-- What you need to do --
Please give the whole listing again word for word, and drop any pictures it holds.

-- Available data --

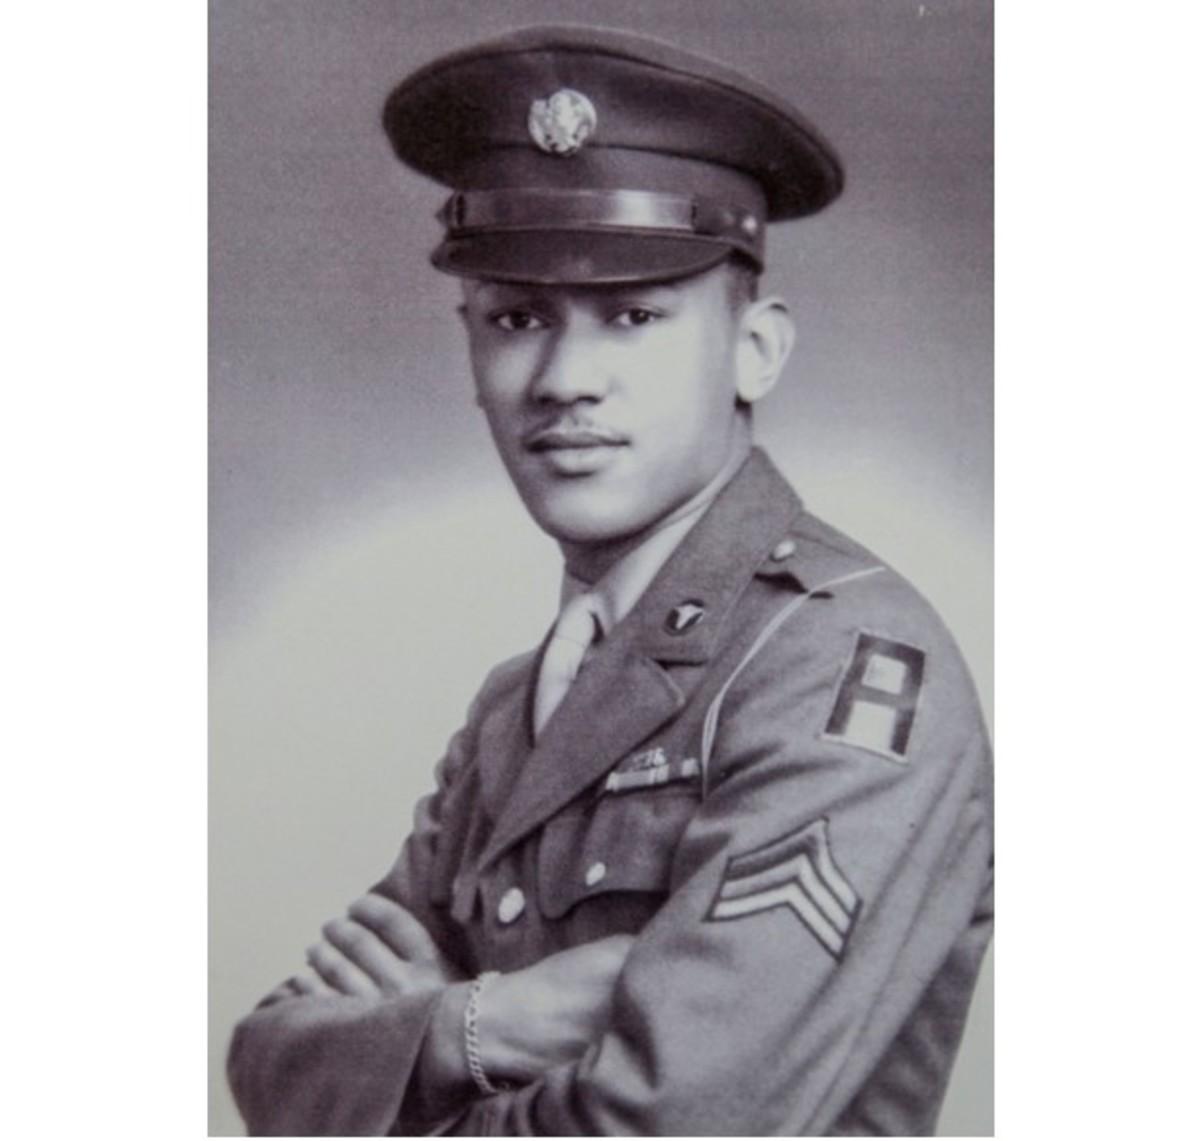 Staff Sergeant Waverly B. Woodson Jr.
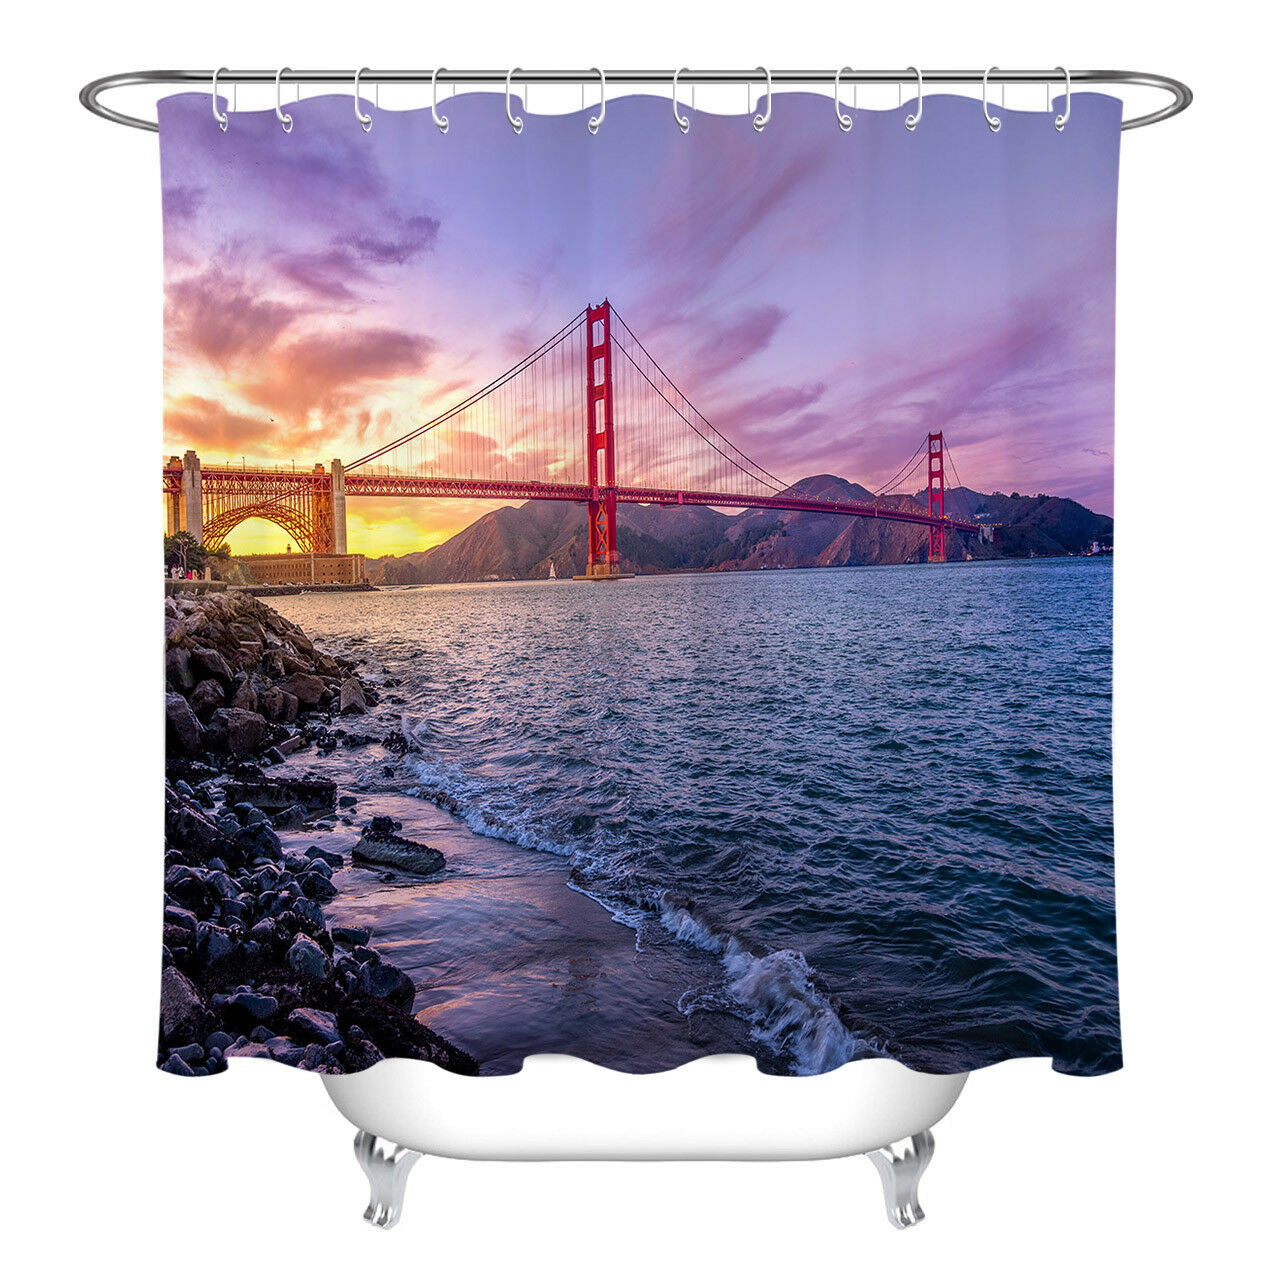 Golden gate bridge sunset banheiro cortina de chuveiro impermeável forro tecido
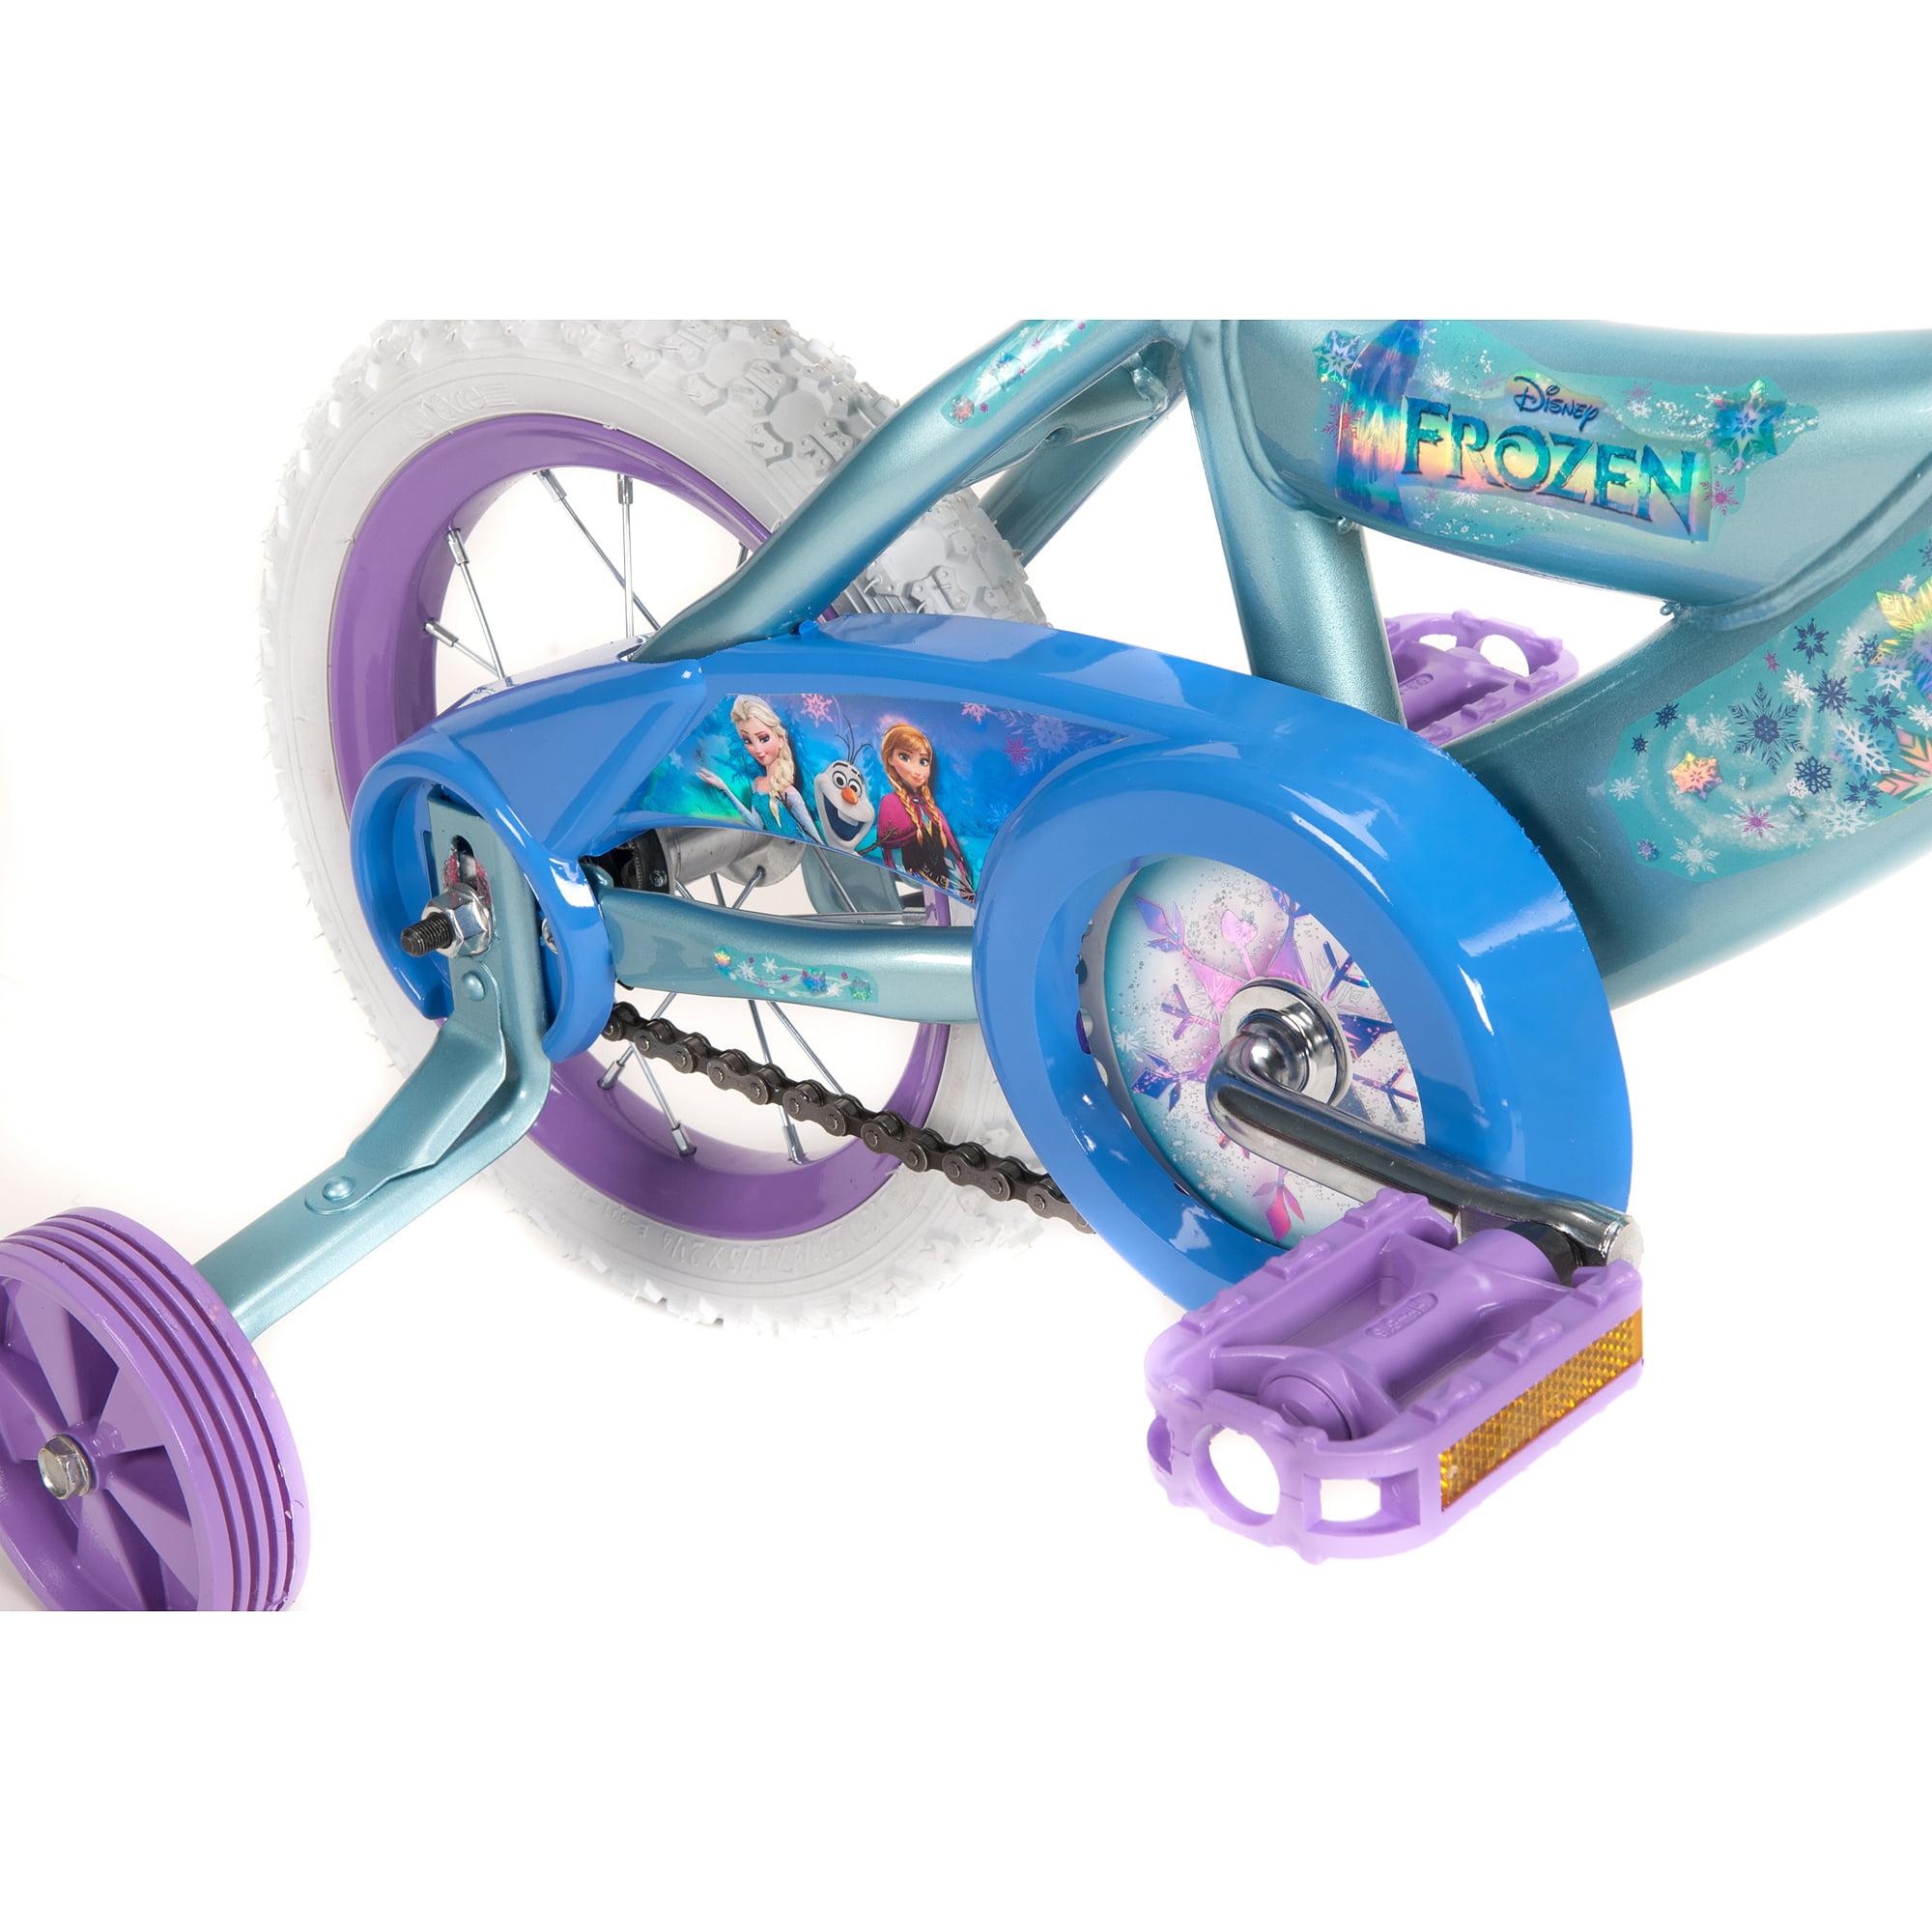 Frozen roller skates walmart - Frozen Roller Skates Walmart 28

-- Response area --
 Staff Sergeant Waverly B. Woodson Jr.
 Golden gate bridge sunset banheiro cortina de chuveiro impermeável forro tecido
 Frozen roller skates walmart - Frozen Roller Skates Walmart 28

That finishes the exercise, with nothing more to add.